You tombolo, you esker.
We are all debris—
our story a remnant
of what moved across us.
What bounteousness!
We are glacial terrain,
marked pathways—myth.

What does it mean for my fingers, eyes, tongue?
to brim with a telling,
the silk-voiced dream
of one body moving against another?

II.
Sometimes the story is simple:
the etched back of Turtle that holds us—
it asks only belief.
Earthdivers one and all—sleek
water bodies surfacing,
emerge to sing on holy ground.

But the way they tell it
we are land animals,
humanity a paradise of aloneness:
a solved mystery, a locked garden
a departure—
that story the walking away.
The way they tell it
the flood always recedes
from impossible watery origins.

But who fixes the science of meaning?
The truth is:
awake and asleep we betray our small selves
wander beyond borders—
is water bird a metaphor?

III.
I tell it this way:
The diving for survival
(mahng, amik, nigig
together with mink and Nanaboozho).
Their feathered and furred bodies.
Ours.

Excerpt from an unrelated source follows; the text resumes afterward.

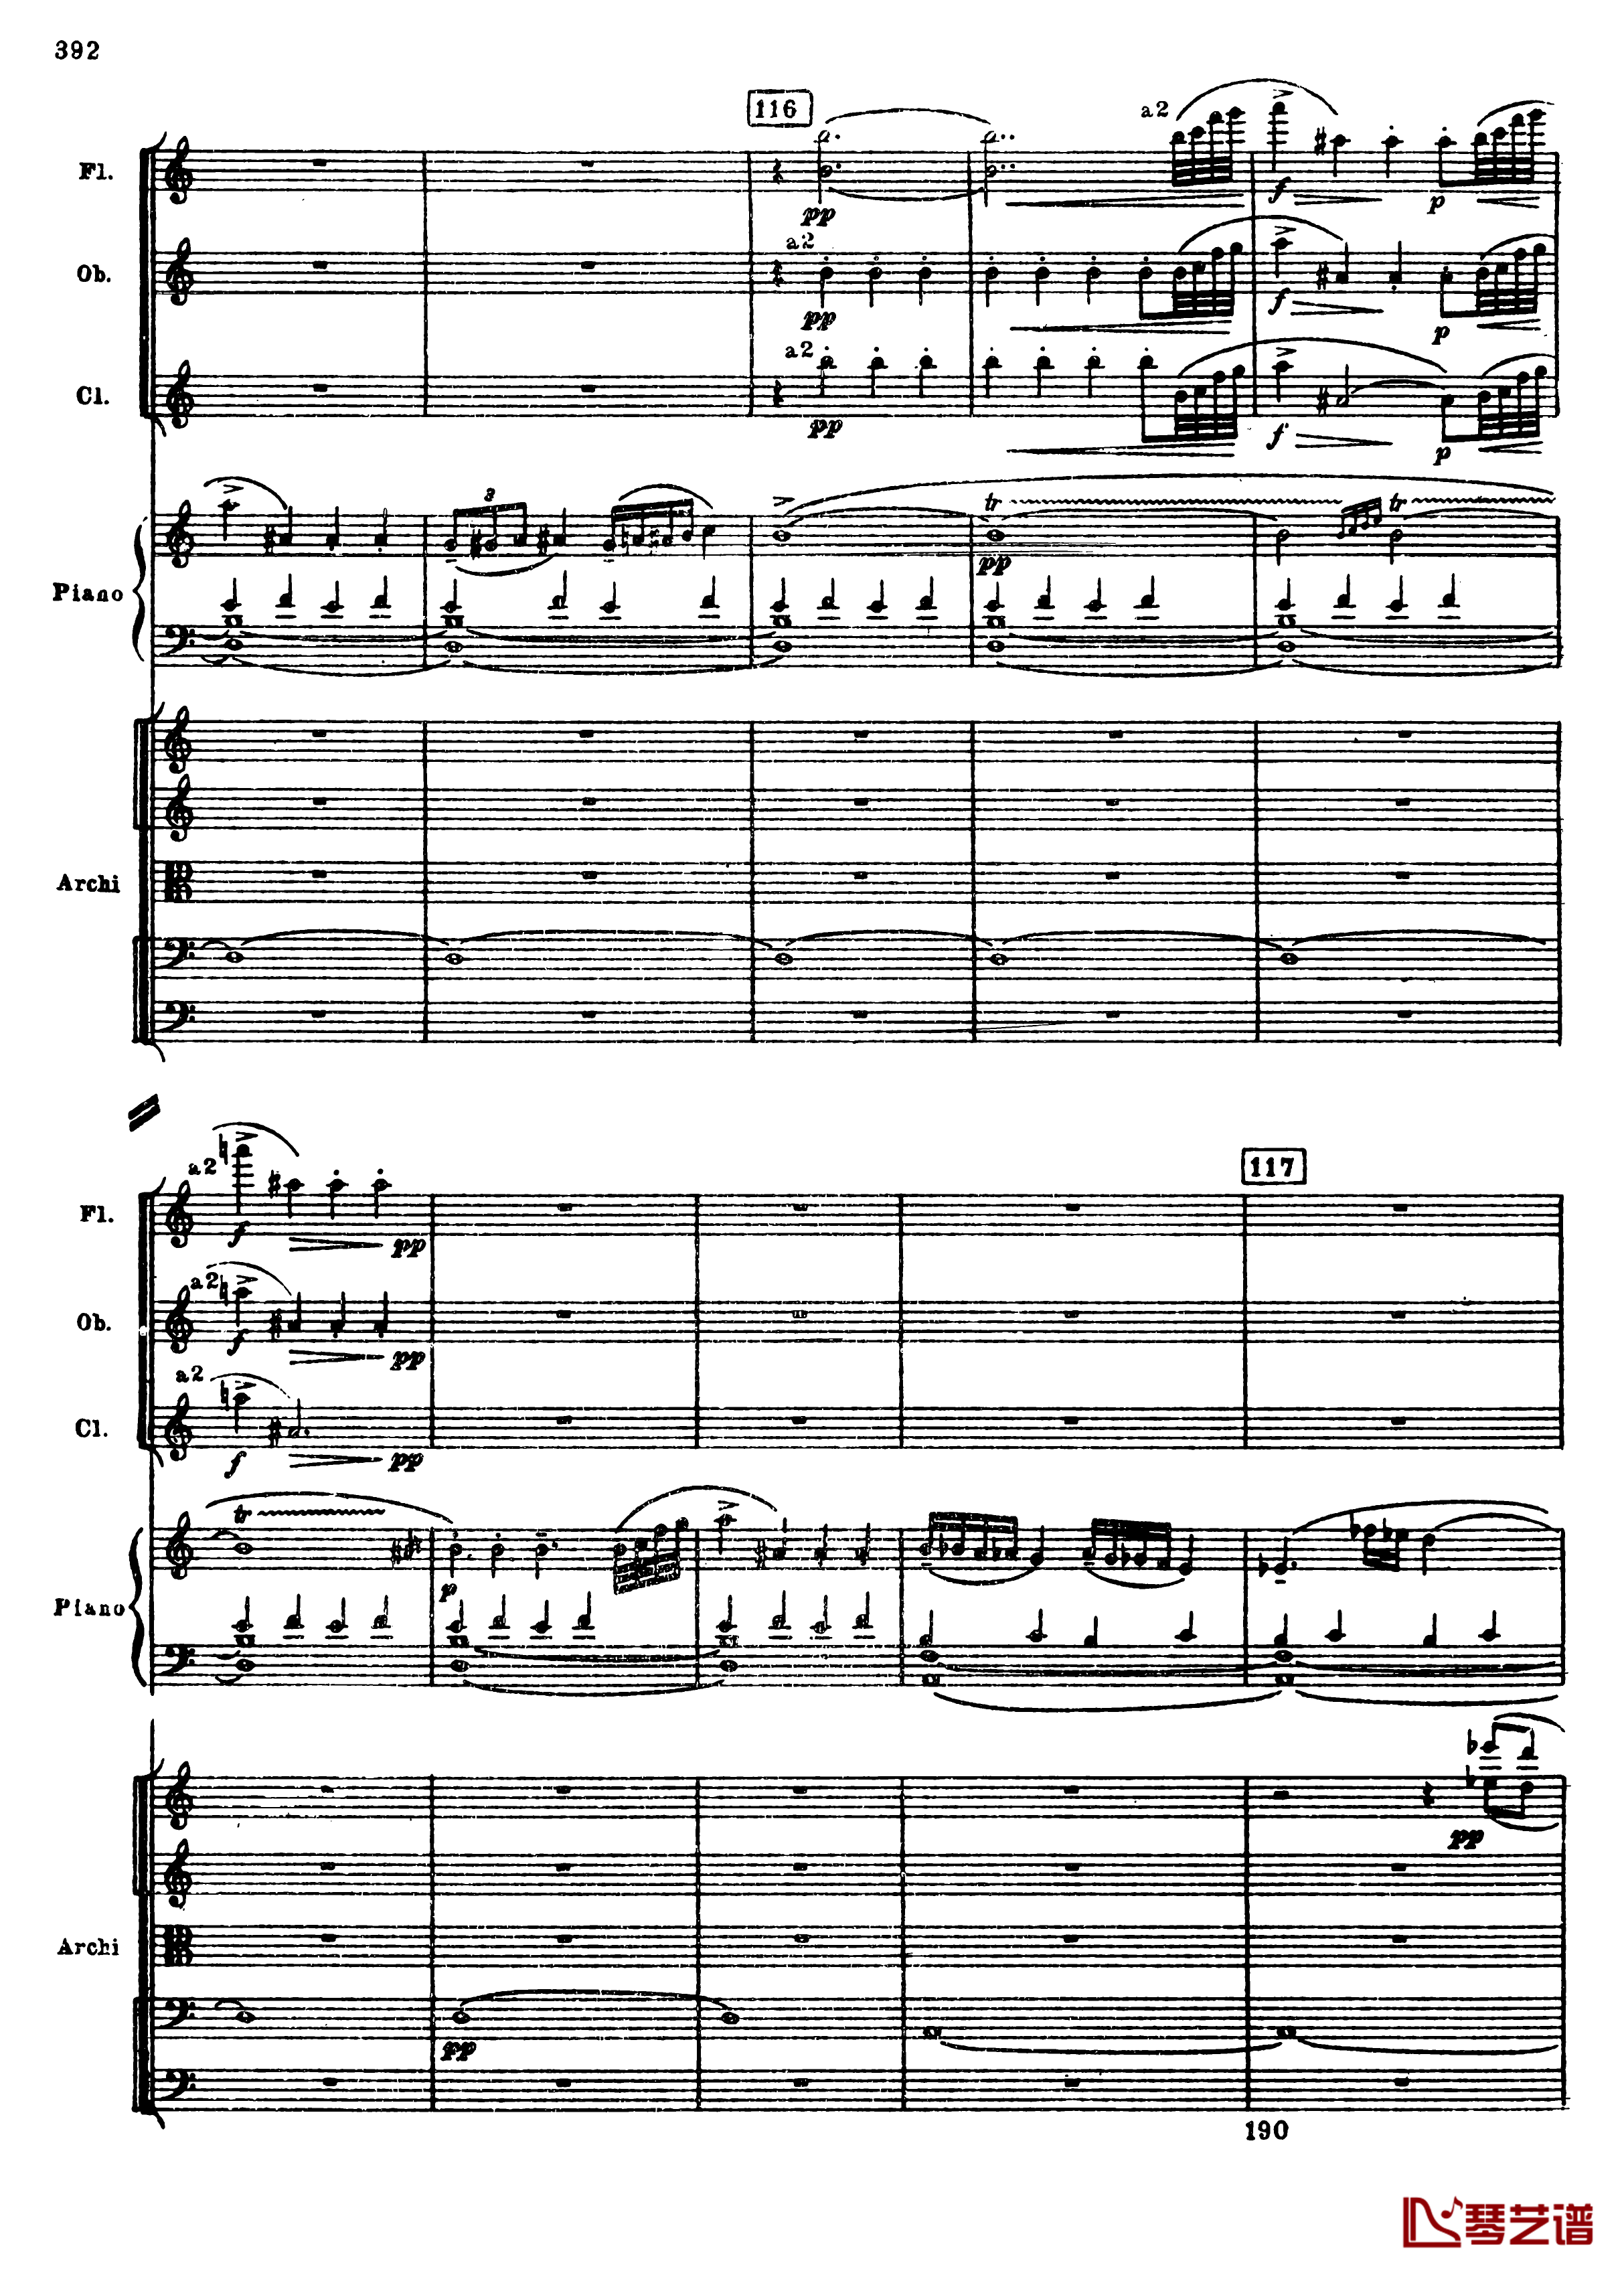 普罗科菲耶夫第三钢琴协奏曲钢琴谱-总谱-普罗科非耶夫124
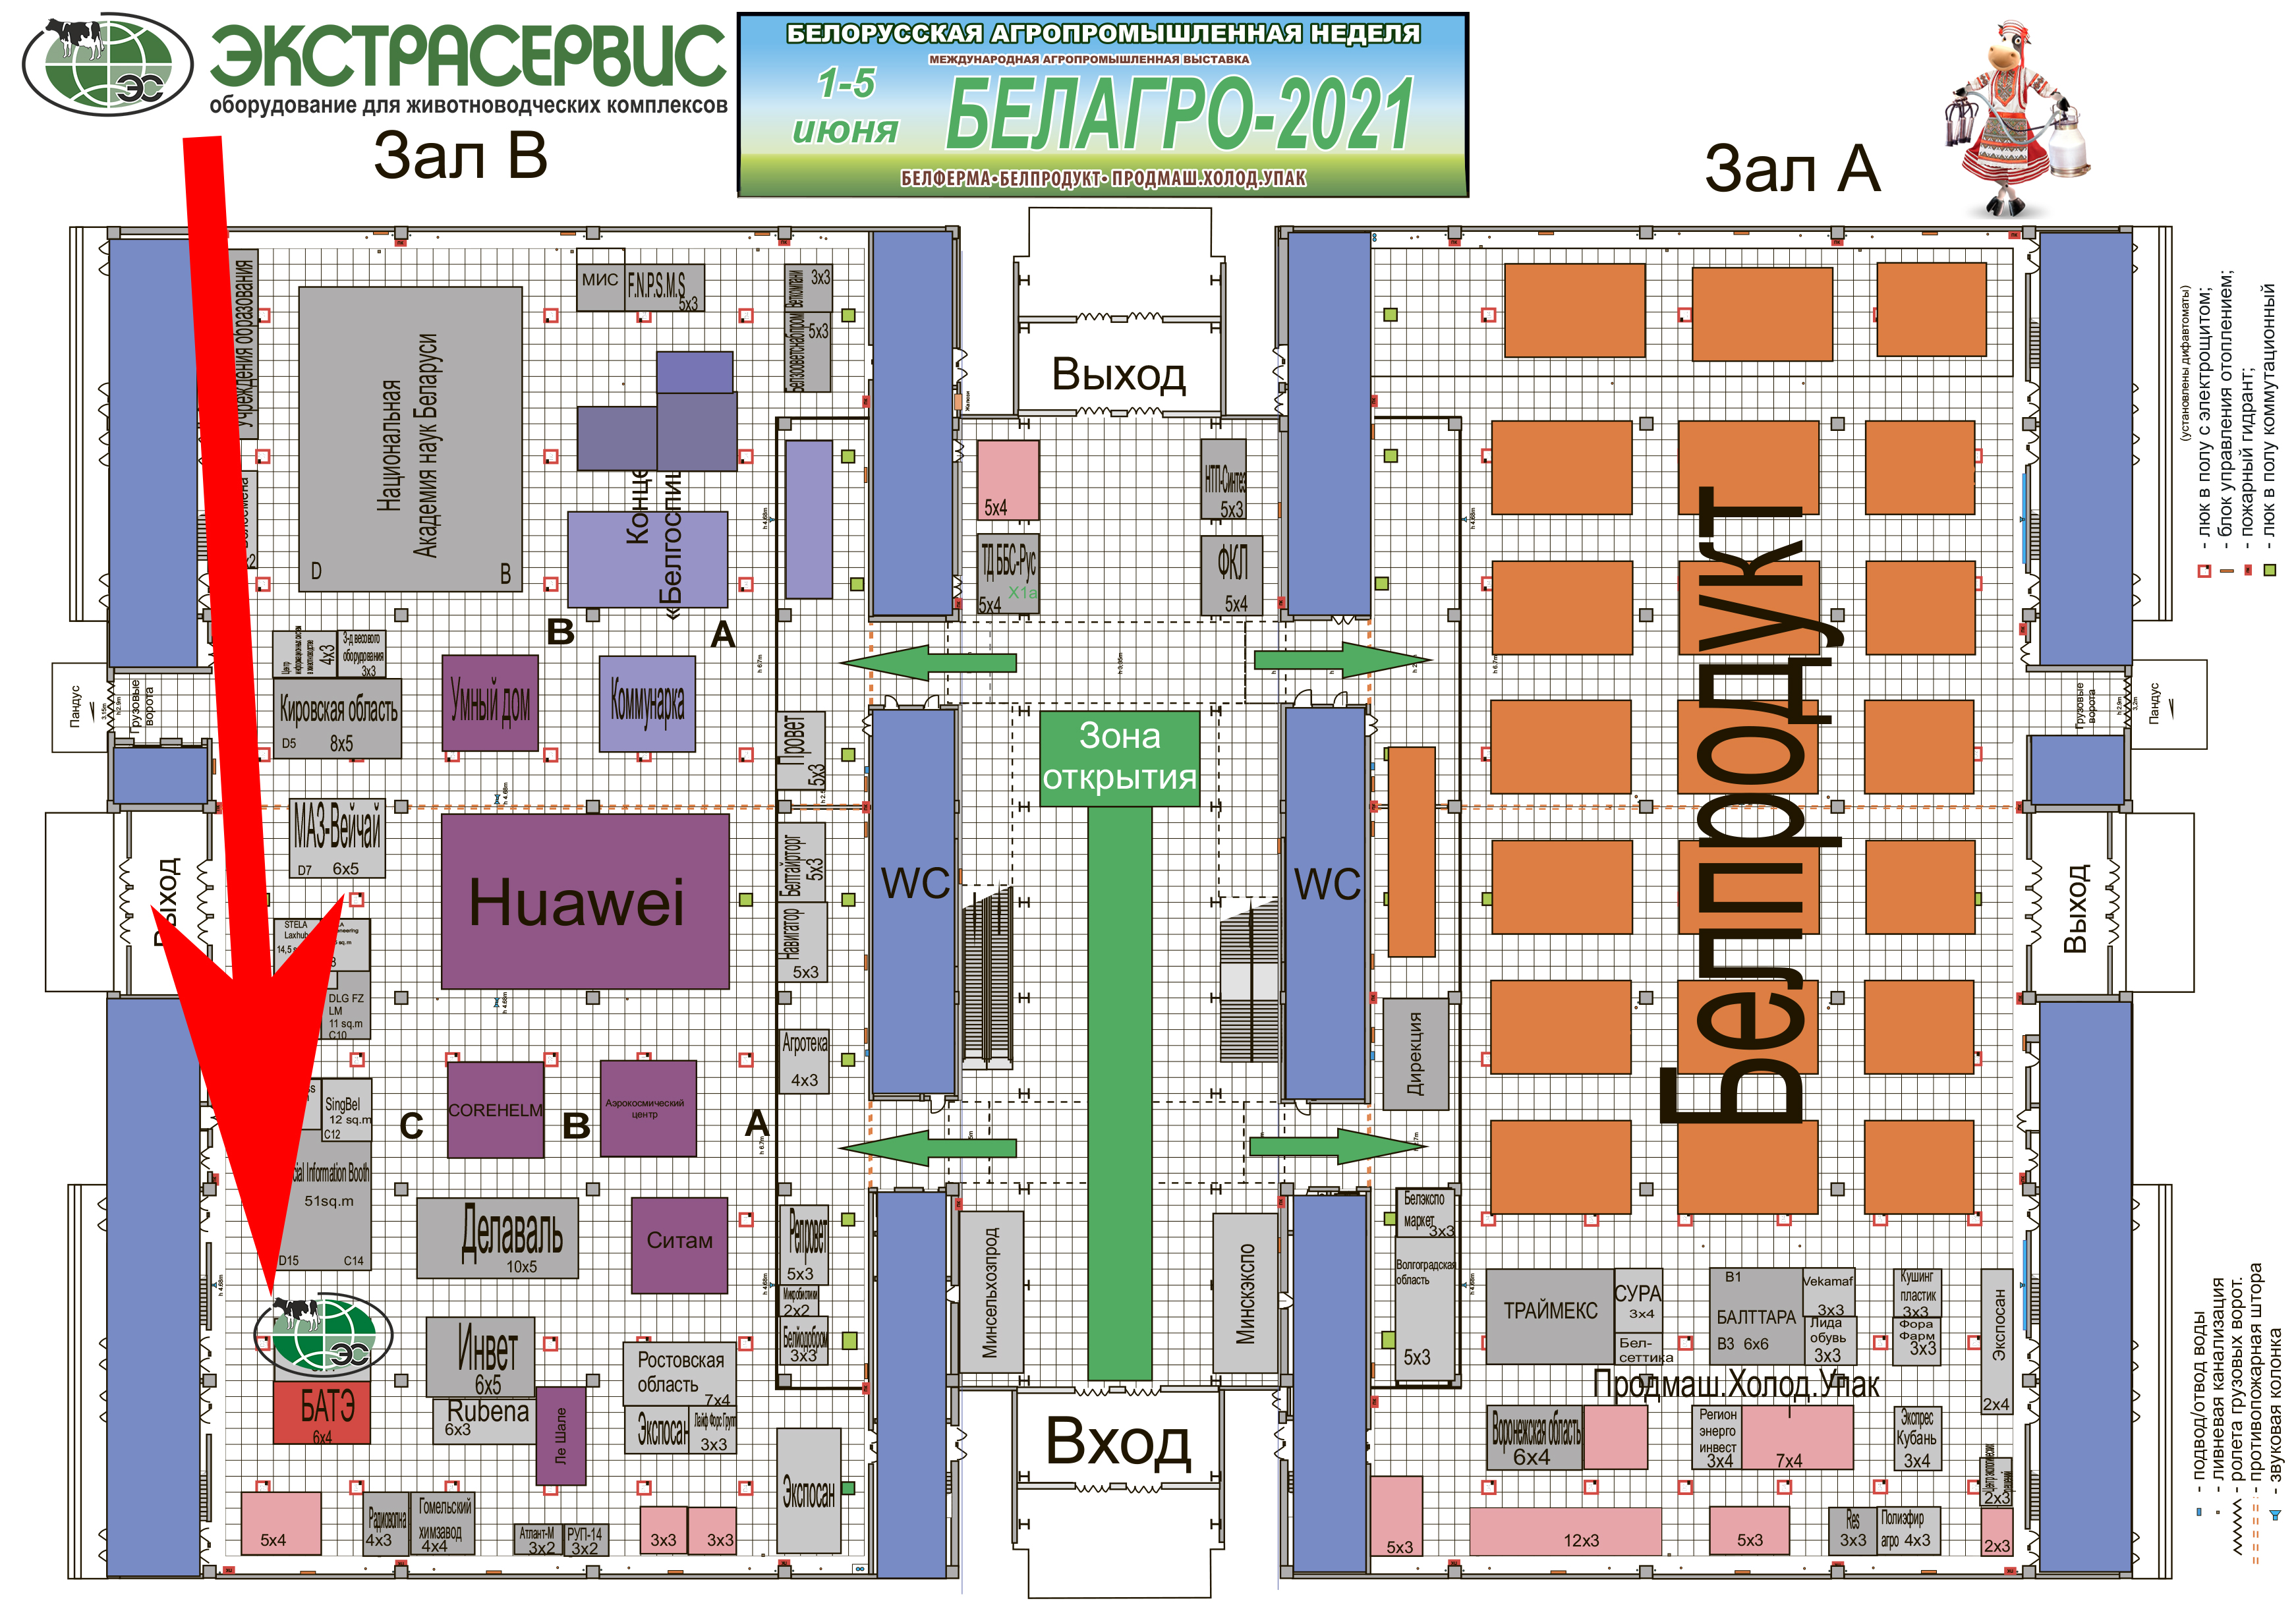 Схема расположения стенда Экстрасервис на Белагро 2021

Gathering tiny grains of copper—
sand and sky’s minstrel breath;
Noodin whirling from four directions,
until this:
small magic we call earth.

But feel the fire and flexing beneath us—
the rumble-voiced pulse of this planet,
the vibration of our tectonic bodies?
Remember, we too are still motion—
burning wet and storied,
mythic like Turtle Island.

Imagine with me metamorphic becoming,
each miraculous emergence:
tetrapod limbs
from gelatinous tadpole bodies,
oceans and islands
rising receding rising
in their dance with volcanic force.
Our lives, too, servant to the alchemy
to the carving gusts of wind and water,
time—and telling.

IV.
Sing me again the saga of sin
and separation,
of humans and hierarchies;
I’ll sing you
the ballad of glacial bodies
of many creatures made of water and belief—
the one about transformations
about eons and epics—
these sacred cycles and everyday survivals.

The truth is:
we amphibious, we minstrel-born
wear the spiraling path of legends
on each whorled fingertip.
Like the trace of time on the clay of earth—
the drumlin swarms, the conical hills;
we too rise new each day from sleep
to storied lives—to archetypes and anthems,
to the spectacular castings of destiny.
Recite with me each rhapsody history or rumor—
our ancient epic inked now
pigment on rock-face, carbon on parchment,
memory on skin.

Photo of Kimberly Blaeser

Kimberly Blaeser, founding director of Indigenous Nations Poets and past Wisconsin Poet Laureate, is the author of works in several genres. Her six poetry collections include Ancient Light (University of Arizona Press, 2024), Copper Yearning (Holy Cow! Press, 2019), and Résister en dansant / Ikwe-niimi: Dancing Resistance (Éditions des Lisières, 2020). Blaeser, an enrolled member of the White Earth Nation, is an Anishinaabe activist and environmentalist. Her honors include the Zona Gale Award for Short Fiction and a Lifetime Achievement Award from Native Writers’ Circle of the Americas. Professor emerita at University of Wisconsin–Milwaukee and MFA faculty member at Institute of American Indian Arts, she is currently at work on a short fiction collection, Red Ants.